◆ REQUIRED ACTION:
Reproduce each line, exactly, from the one containing "Res: 3200x1200, Wallpaper" through the end of the material. Exclude pictures.

◆ INFORMATION SUPPLIED:

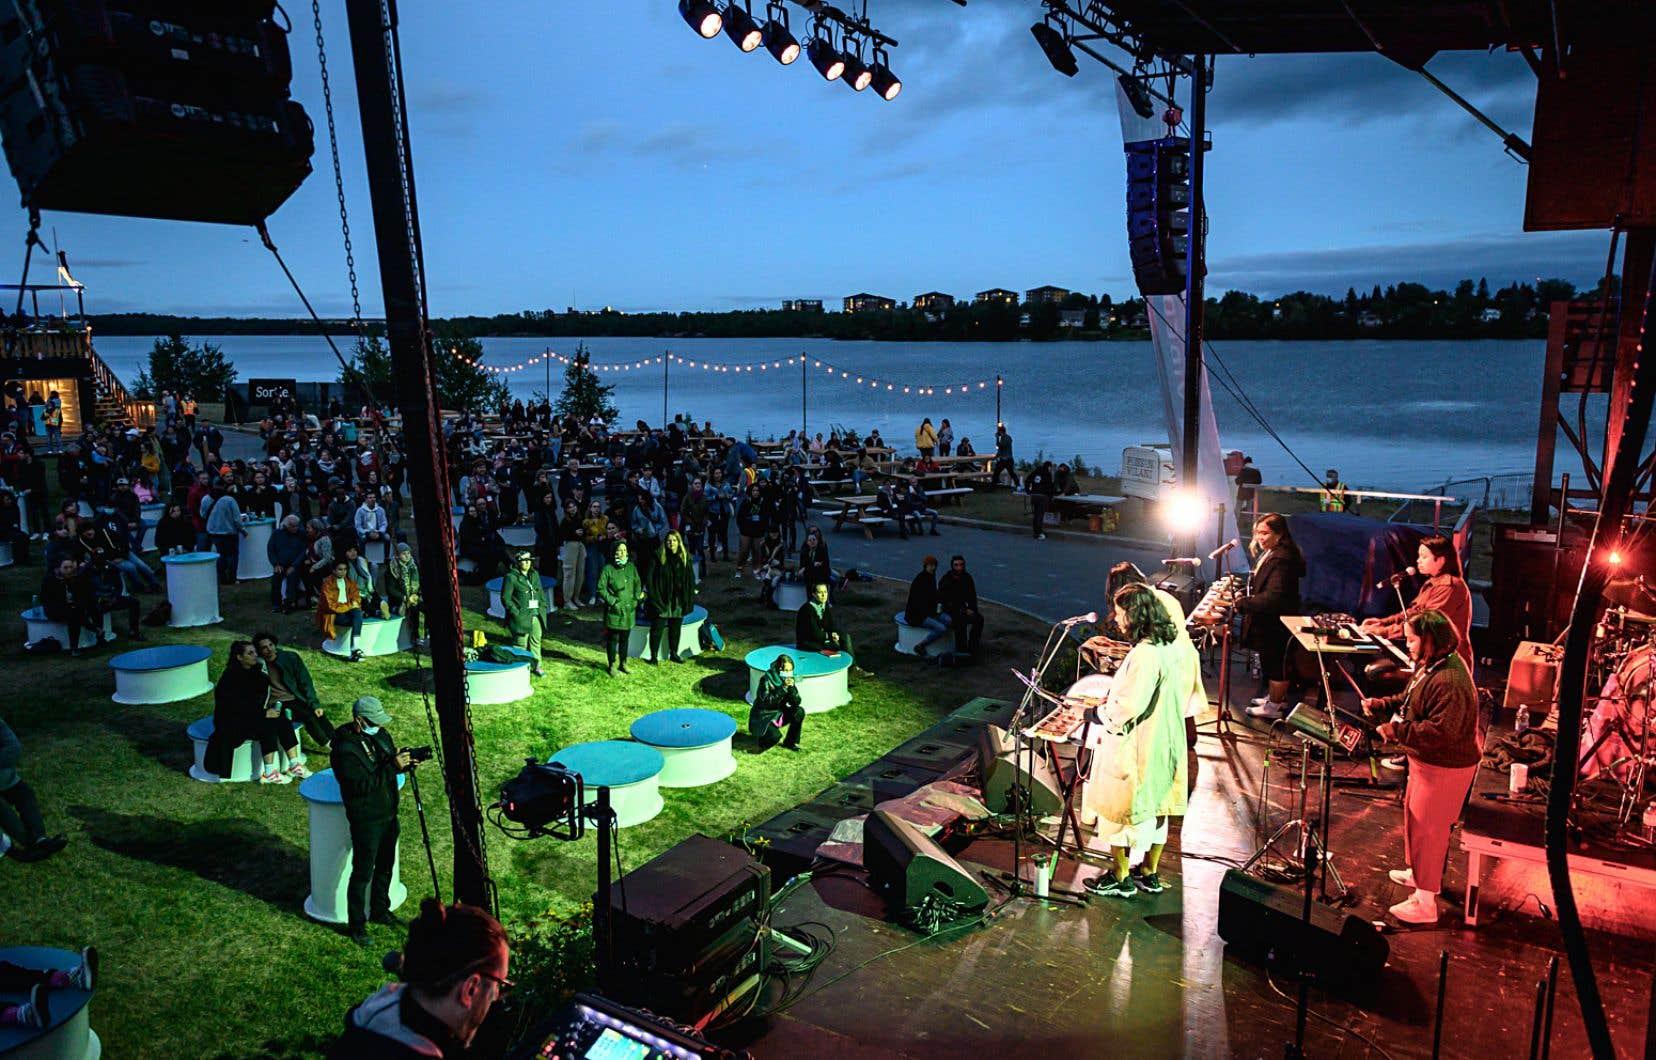 Le Festival de musique émergente, à Rouyn-Noranda, est le premier grand événement culturel à mettre à l'épreuve le passeport vaccinal depuis sa mise en place.
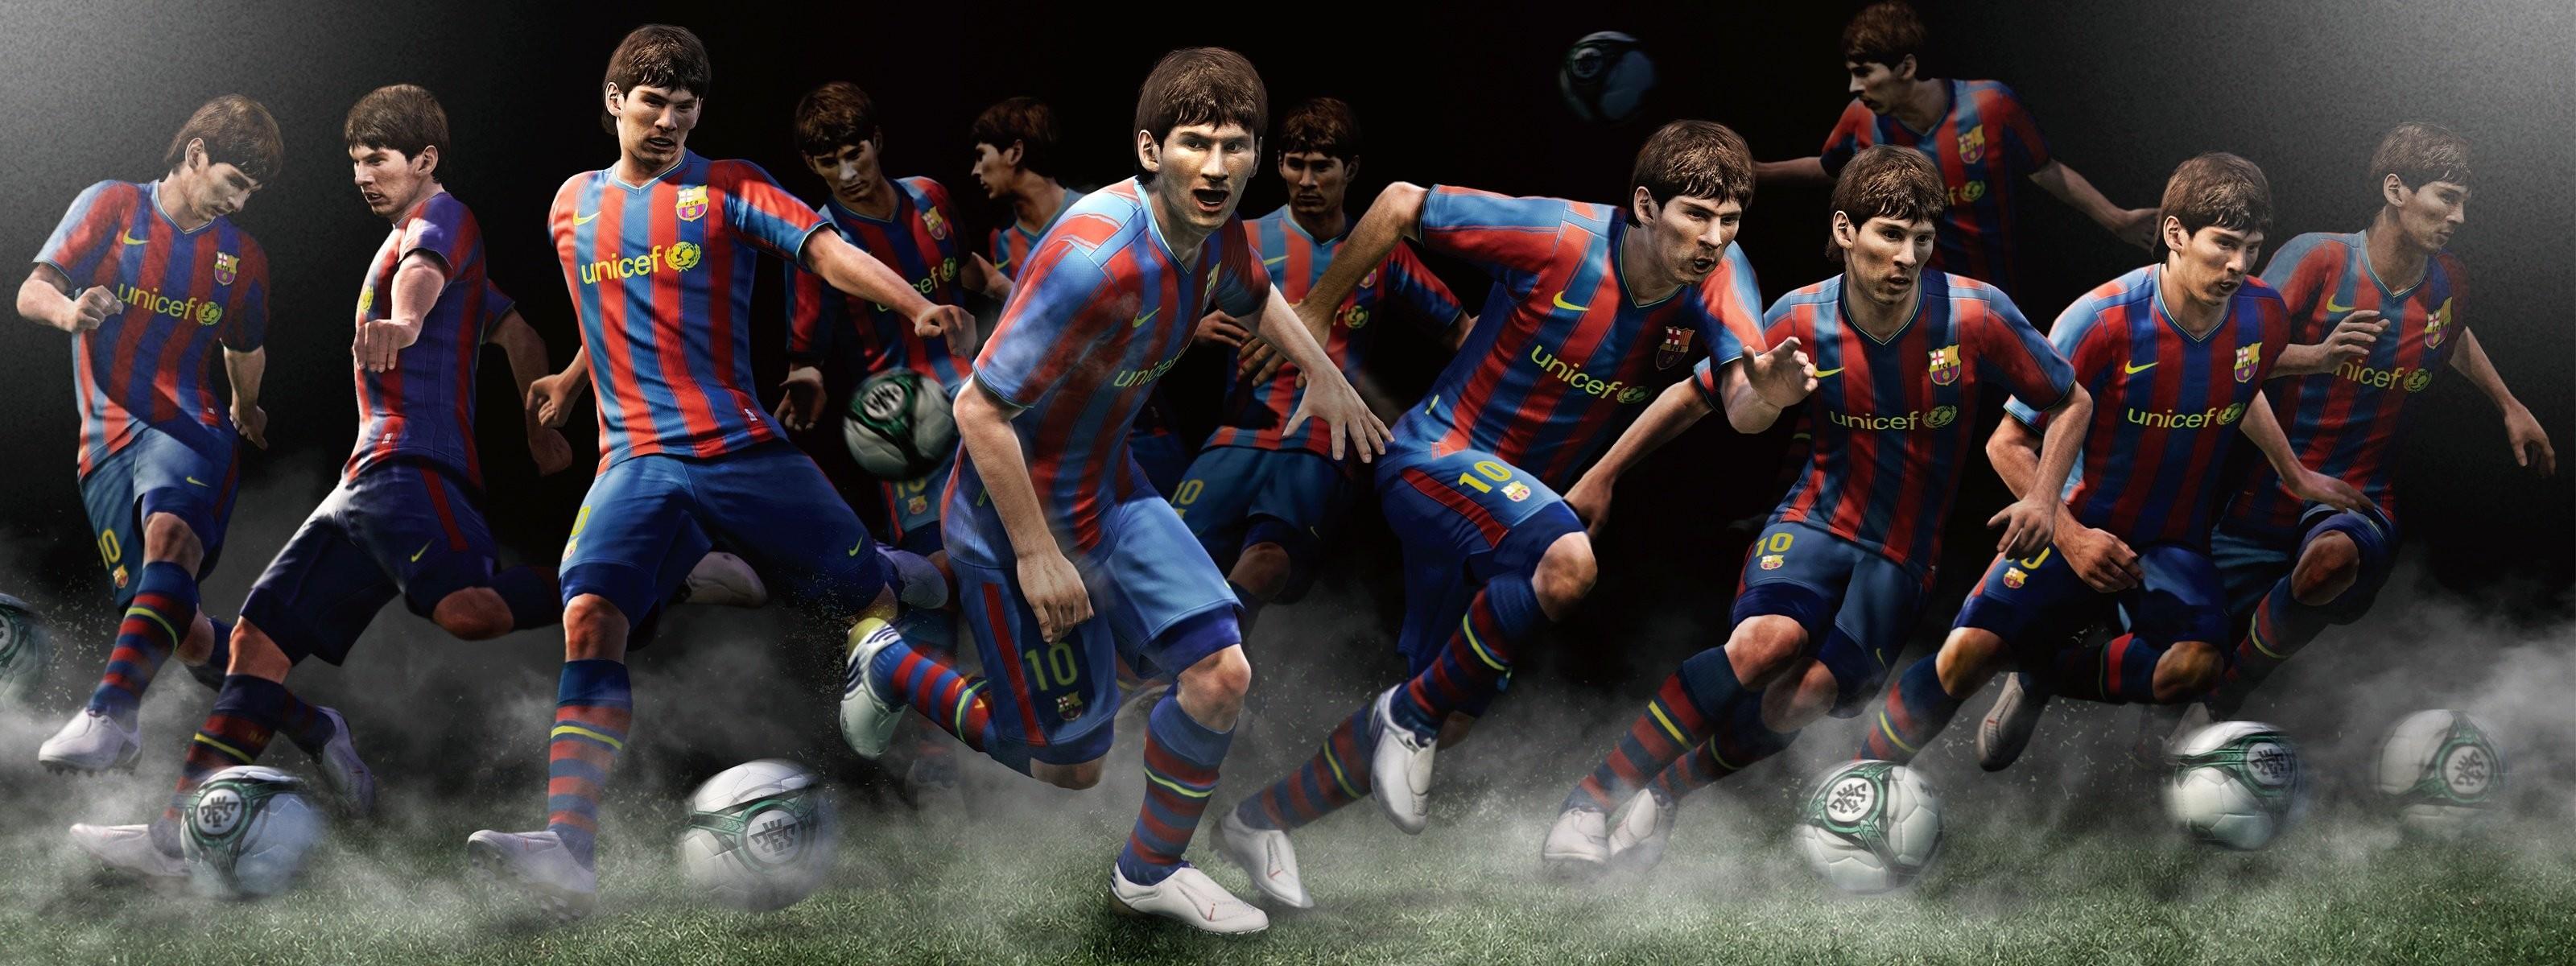 Res: 3200x1200, Wallpaper zu Pro Evolution Soccer 2011 herunterladen
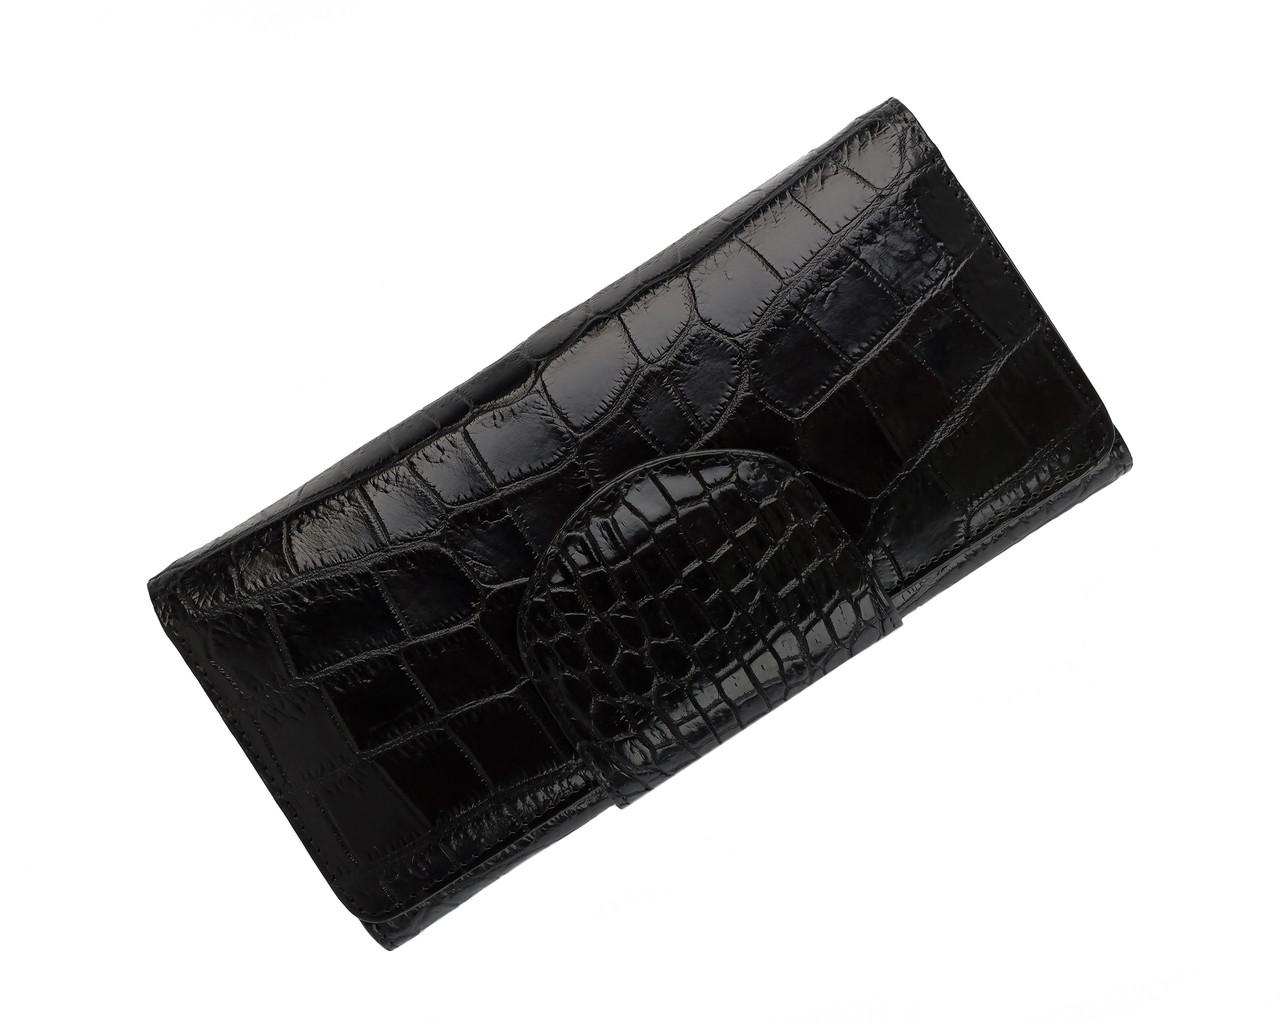 Кошелек из кожи крокодила Ekzotic Leather  Черный  (cw 65_1)

◆ EXERCISE RESPONSE:
 Res: 3200x1200, Wallpaper zu Pro Evolution Soccer 2011 herunterladen
 Кошелек из кожи крокодила Ekzotic Leather  Черный  (cw 65_1)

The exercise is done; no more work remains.